Work task
Look in the data below for the line that contains "Route de montagne". Copy that line and the remaining lines exactly.

***

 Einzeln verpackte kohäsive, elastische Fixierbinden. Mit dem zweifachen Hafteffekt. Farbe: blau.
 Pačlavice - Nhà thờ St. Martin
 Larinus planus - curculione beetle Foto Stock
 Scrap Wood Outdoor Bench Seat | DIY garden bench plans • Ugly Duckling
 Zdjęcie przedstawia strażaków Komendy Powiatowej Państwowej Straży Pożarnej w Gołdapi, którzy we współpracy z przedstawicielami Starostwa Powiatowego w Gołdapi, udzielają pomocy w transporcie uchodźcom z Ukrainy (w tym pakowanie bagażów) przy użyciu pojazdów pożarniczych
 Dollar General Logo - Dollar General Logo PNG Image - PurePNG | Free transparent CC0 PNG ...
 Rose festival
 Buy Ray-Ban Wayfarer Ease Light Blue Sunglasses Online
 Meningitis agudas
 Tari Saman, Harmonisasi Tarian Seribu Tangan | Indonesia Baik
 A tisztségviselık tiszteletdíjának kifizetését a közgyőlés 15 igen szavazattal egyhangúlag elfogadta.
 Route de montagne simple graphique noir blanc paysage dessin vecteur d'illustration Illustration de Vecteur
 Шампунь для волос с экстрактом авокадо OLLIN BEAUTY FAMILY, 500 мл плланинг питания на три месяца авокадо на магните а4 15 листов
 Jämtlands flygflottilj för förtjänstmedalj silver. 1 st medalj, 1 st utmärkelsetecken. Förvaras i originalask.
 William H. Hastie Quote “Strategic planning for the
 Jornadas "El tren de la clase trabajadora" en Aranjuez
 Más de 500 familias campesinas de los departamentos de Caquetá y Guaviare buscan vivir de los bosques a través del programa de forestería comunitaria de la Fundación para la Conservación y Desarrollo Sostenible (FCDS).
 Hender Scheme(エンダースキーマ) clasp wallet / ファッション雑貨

***

Response box
 Route de montagne simple graphique noir blanc paysage dessin vecteur d'illustration Illustration de Vecteur
 Шампунь для волос с экстрактом авокадо OLLIN BEAUTY FAMILY, 500 мл плланинг питания на три месяца авокадо на магните а4 15 листов
 Jämtlands flygflottilj för förtjänstmedalj silver. 1 st medalj, 1 st utmärkelsetecken. Förvaras i originalask.
 William H. Hastie Quote “Strategic planning for the
 Jornadas "El tren de la clase trabajadora" en Aranjuez
 Más de 500 familias campesinas de los departamentos de Caquetá y Guaviare buscan vivir de los bosques a través del programa de forestería comunitaria de la Fundación para la Conservación y Desarrollo Sostenible (FCDS).
 Hender Scheme(エンダースキーマ) clasp wallet / ファッション雑貨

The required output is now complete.